* Brief
Copy, please, the line with "A ode to green 🌱🌿" and each line that follows it through the end of the data below, exactly as given and without pictures.

* Dataset section
# # #

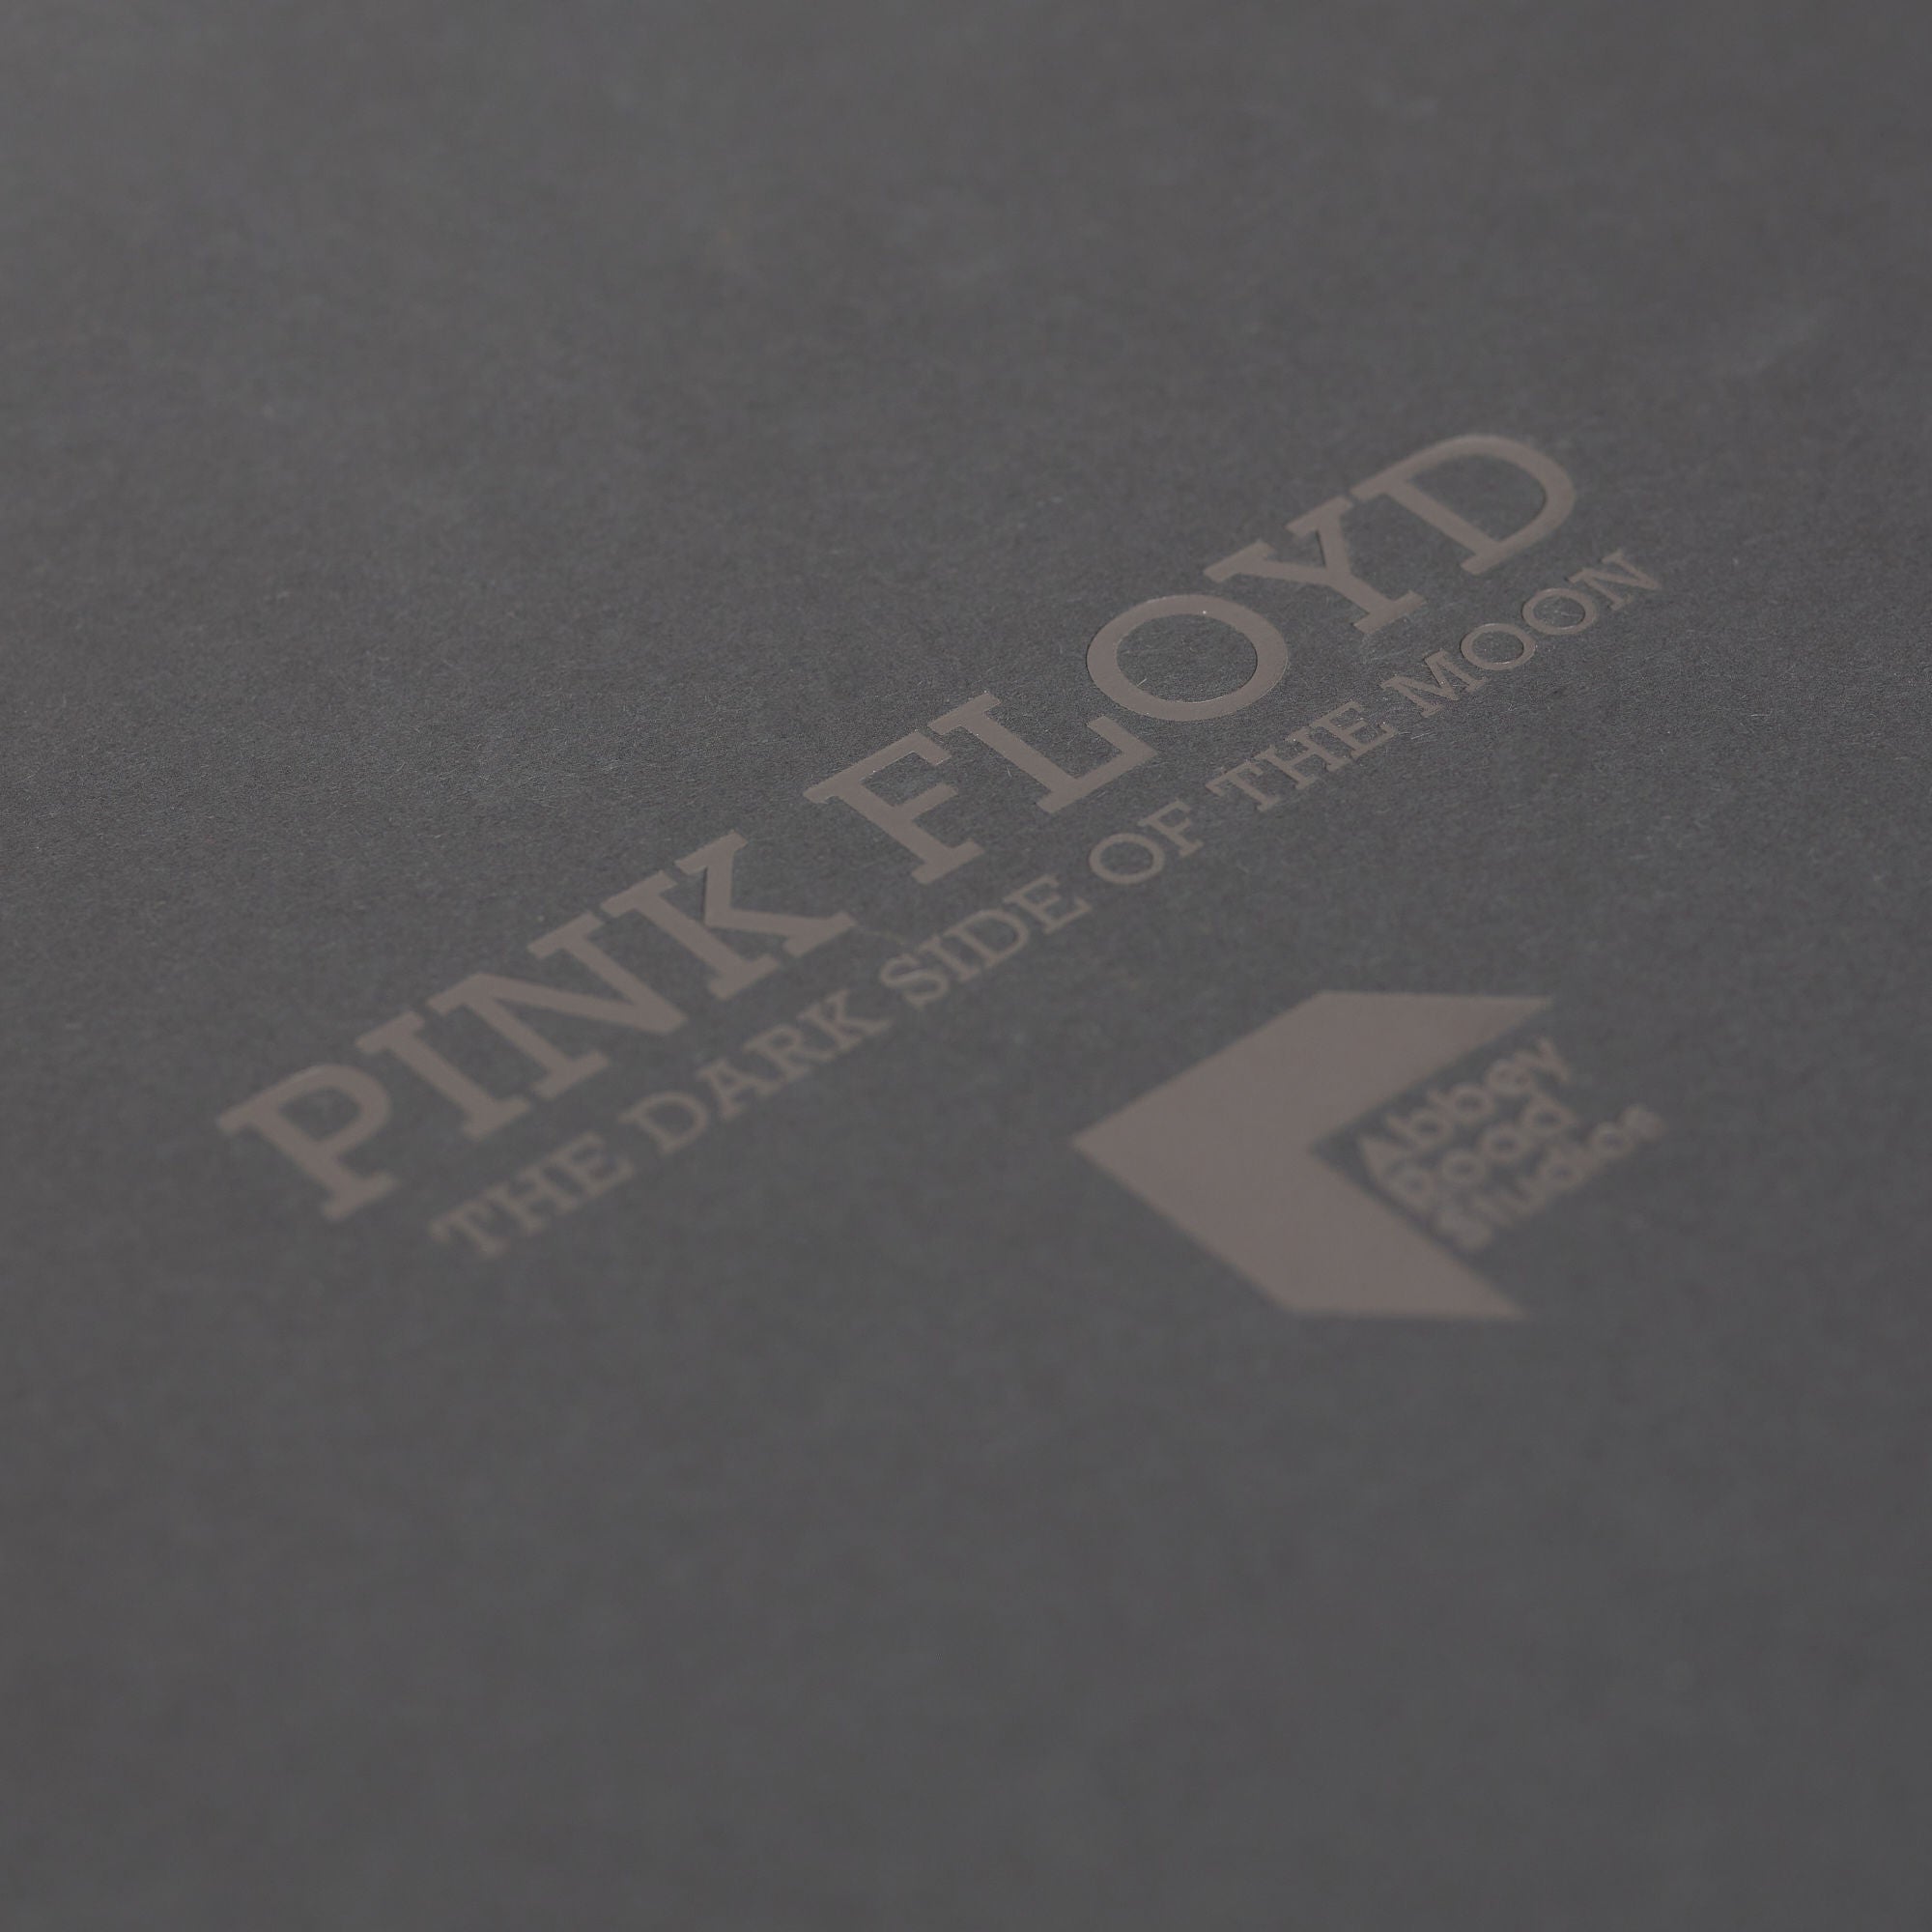 Abbey Road Studios - Pink Floyd The Dark Side of the Moon EMI Tape Box Folio - Side Two
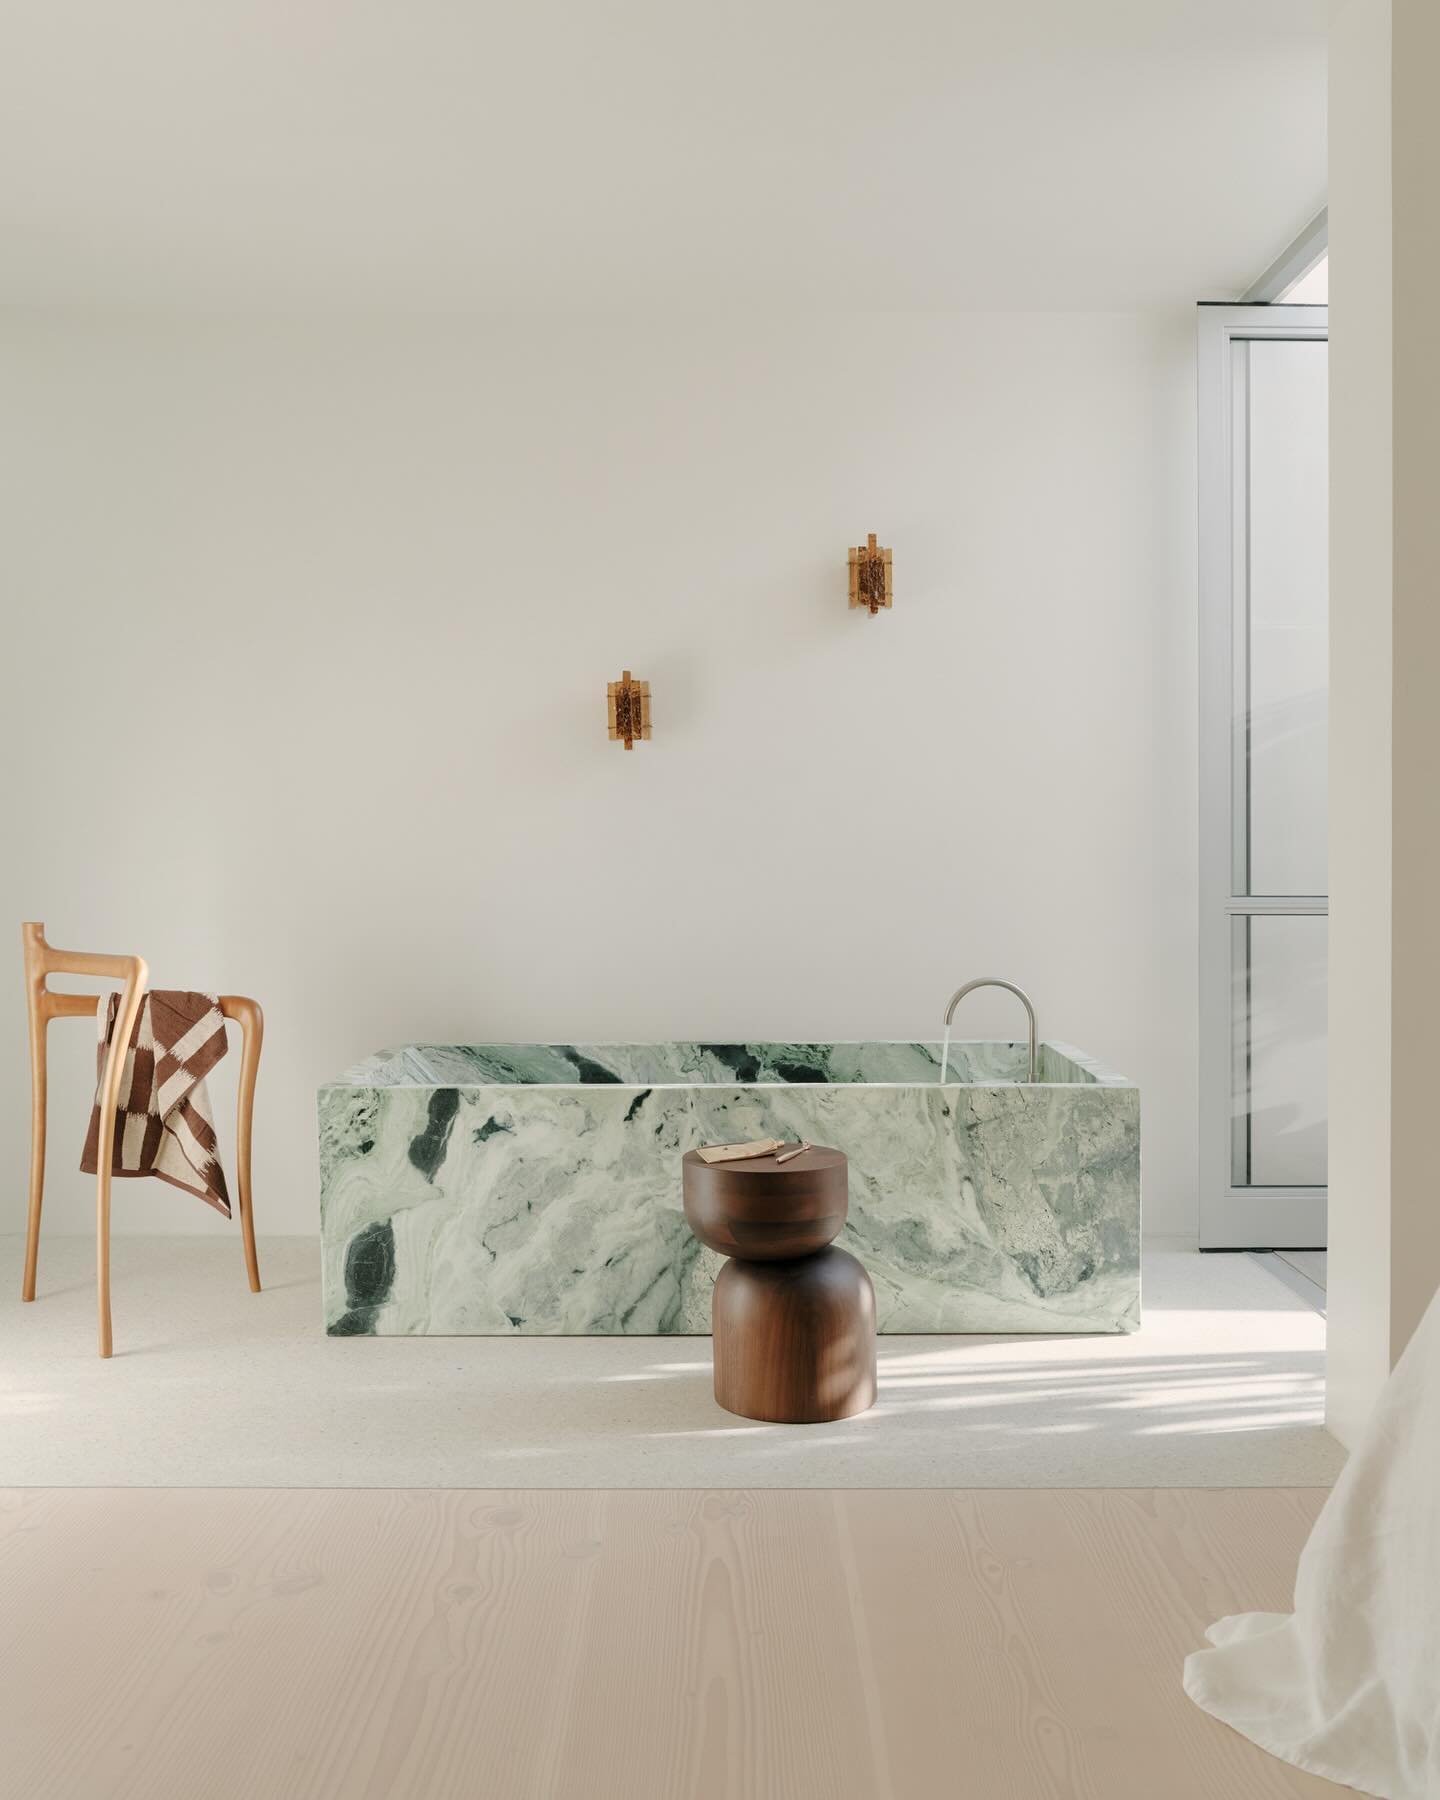 A ode to green 🌱🌿 

Desing by @_patternstudio | #himeraestudio #marbledesign #minimalhouse #minimalaesthetic #serenebeauty #interiordesigninspiration #homedecor #homerenovationideas

# # #

* Output for this task
 A ode to green 🌱🌿 

Desing by @_patternstudio | #himeraestudio #marbledesign #minimalhouse #minimalaesthetic #serenebeauty #interiordesigninspiration #homedecor #homerenovationideas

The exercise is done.